Given data |
-------------------------

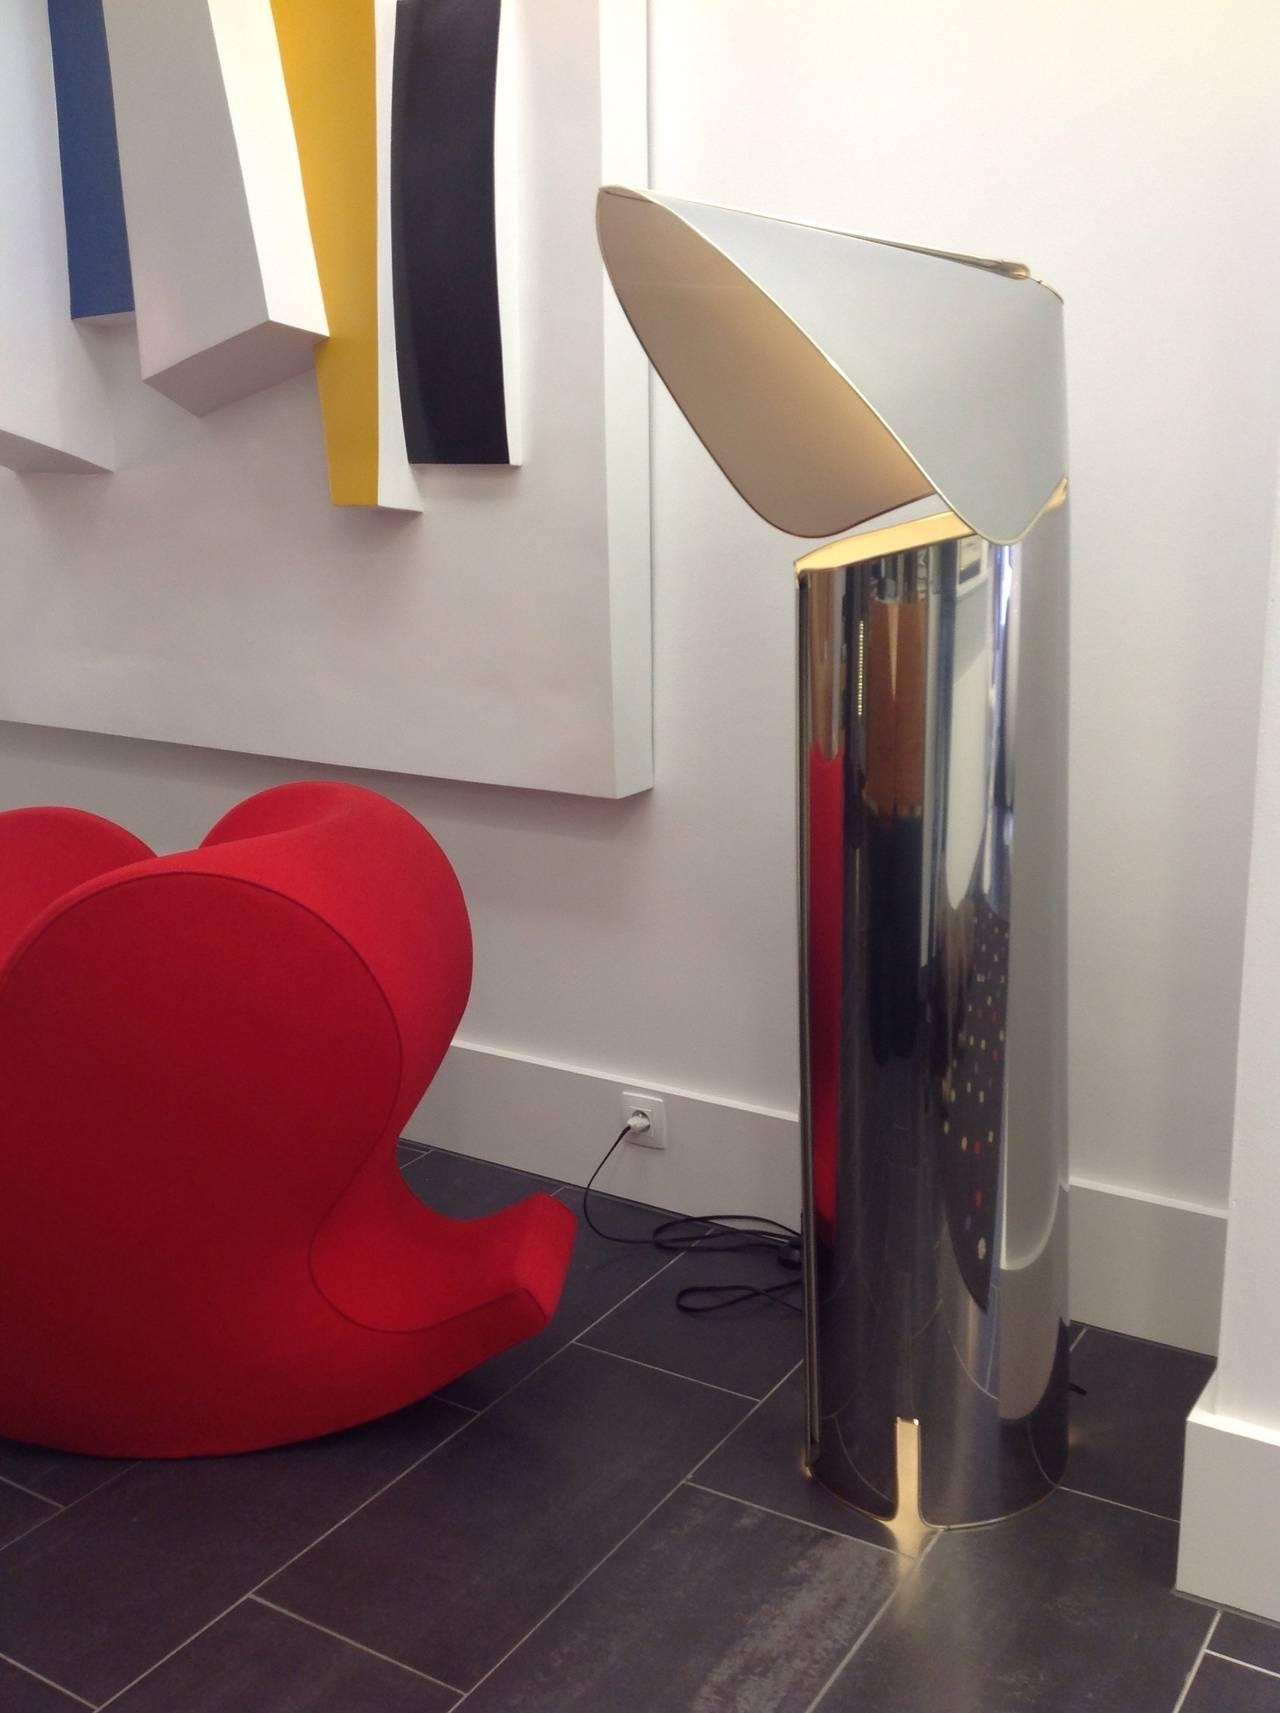 Floor Lamp Quot Chiara Quot Designed By Mario Bellini For Flos
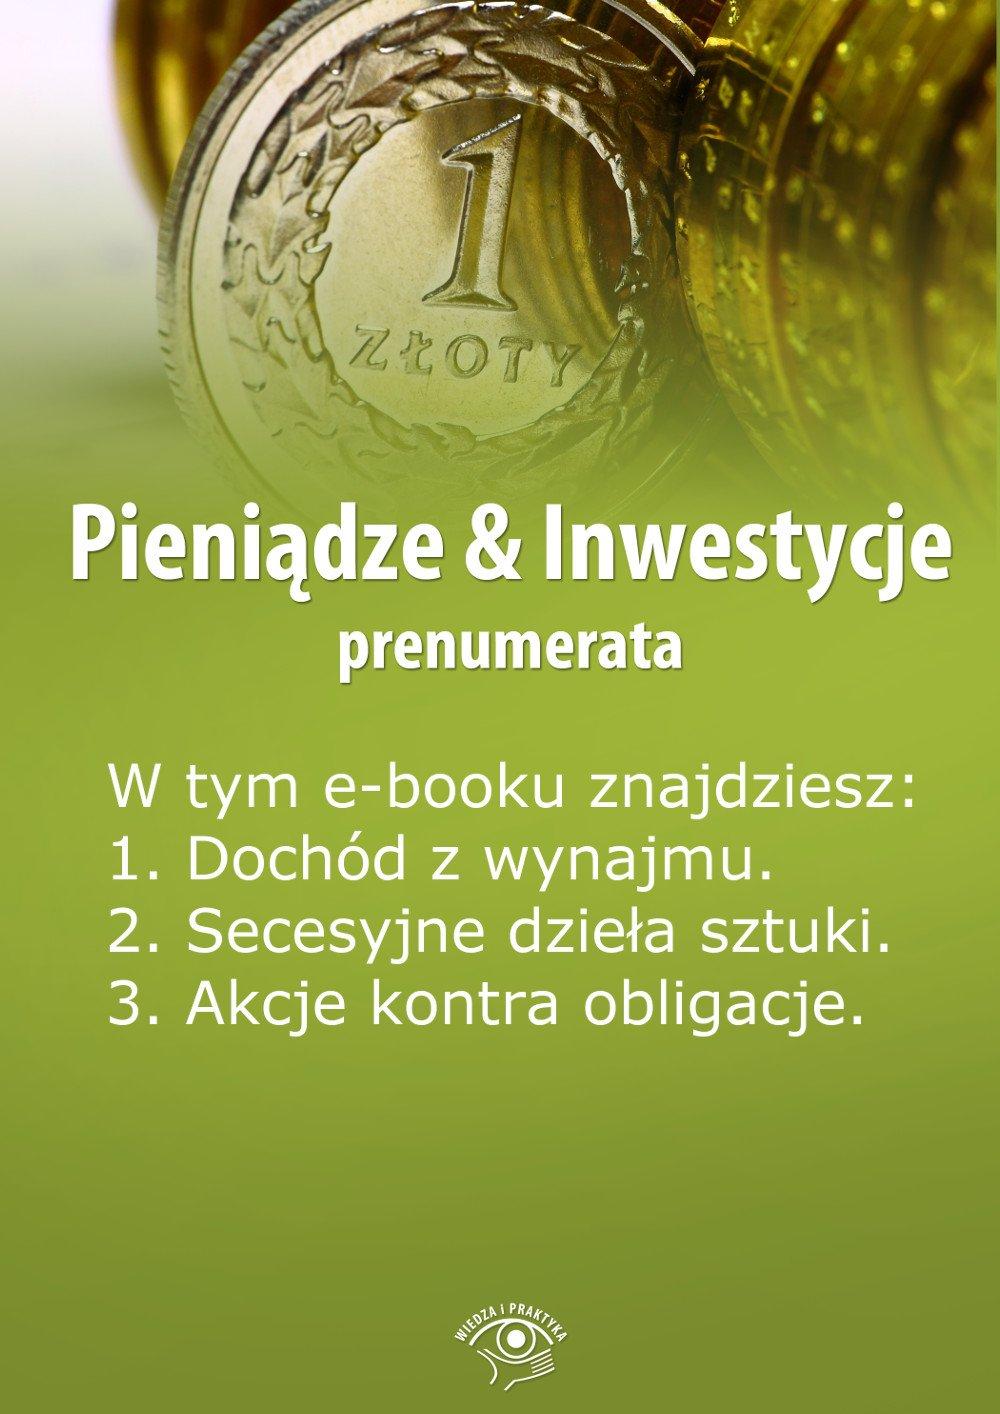 Pieniądze & Inwestycje. Wydanie maj-czerwiec 2014 r. - Ebook (Książka EPUB) do pobrania w formacie EPUB
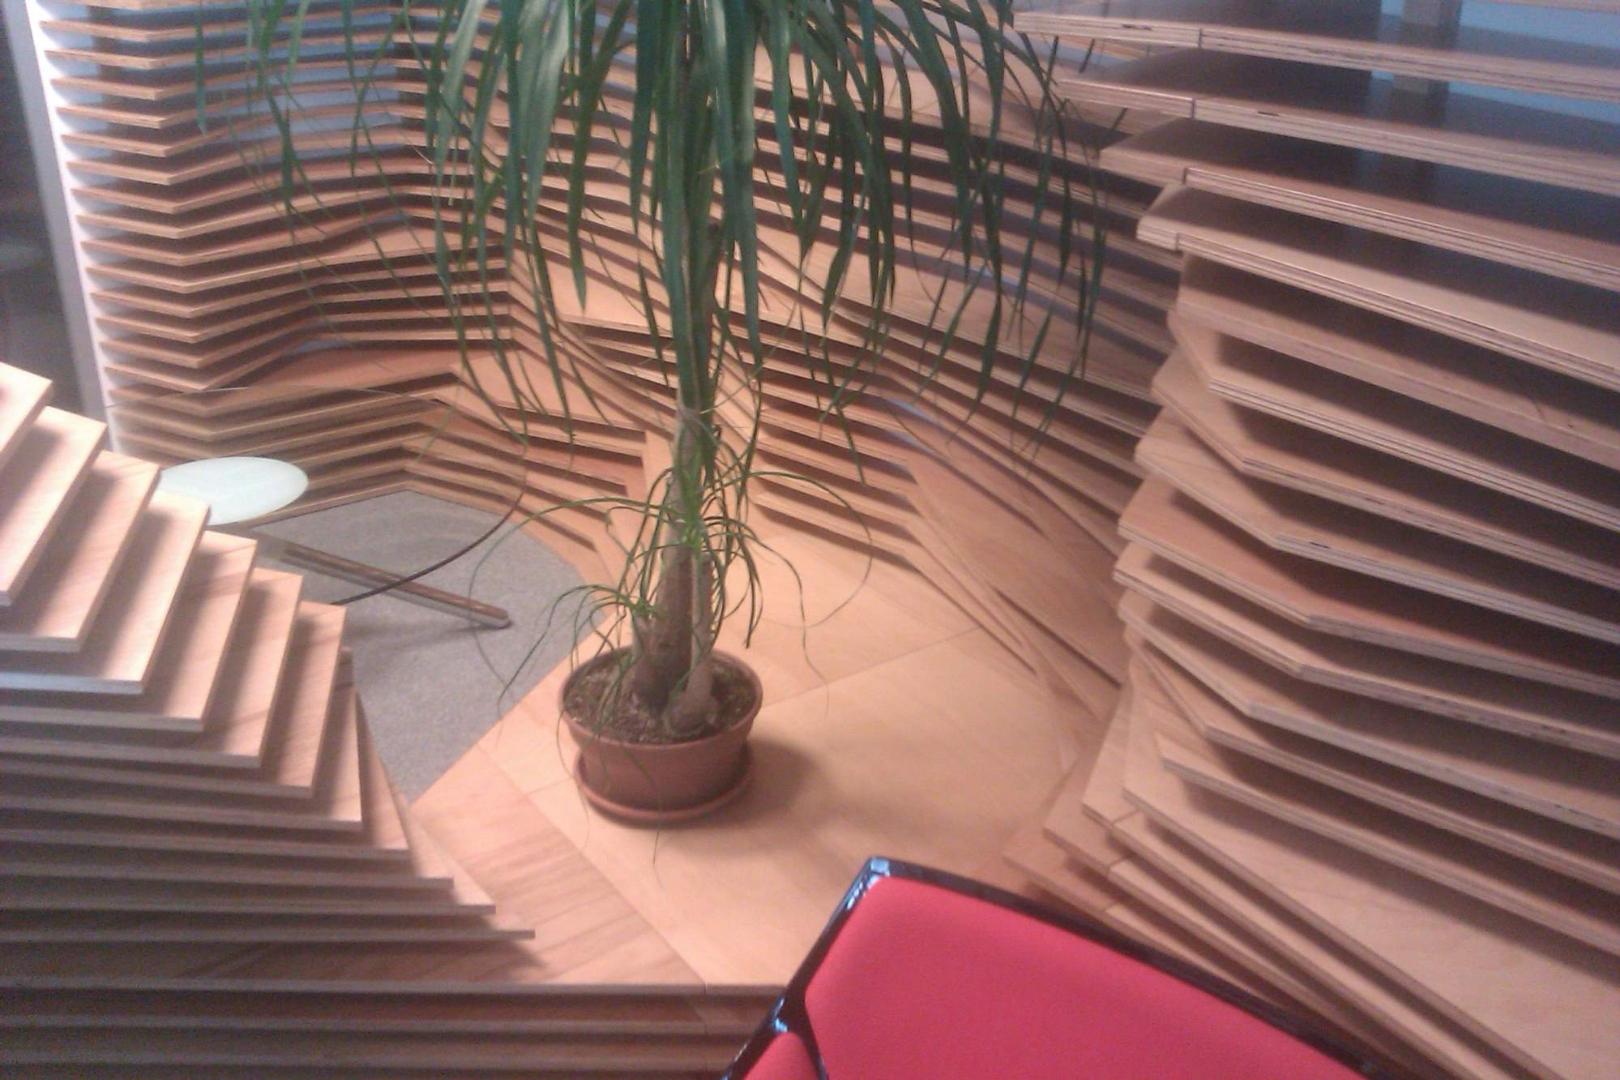 kinnarps receptie placari lemn corian  front desk007

-------------------------

What the exercise asks | Write out, word for word, the lines running from the one containing "Pieniądze & Inwestycje." to the end of the data above; the pictures are to be left out.

Answer below |
 Pieniądze & Inwestycje. Wydanie maj-czerwiec 2014 r. - Ebook (Książka EPUB) do pobrania w formacie EPUB
 kinnarps receptie placari lemn corian  front desk007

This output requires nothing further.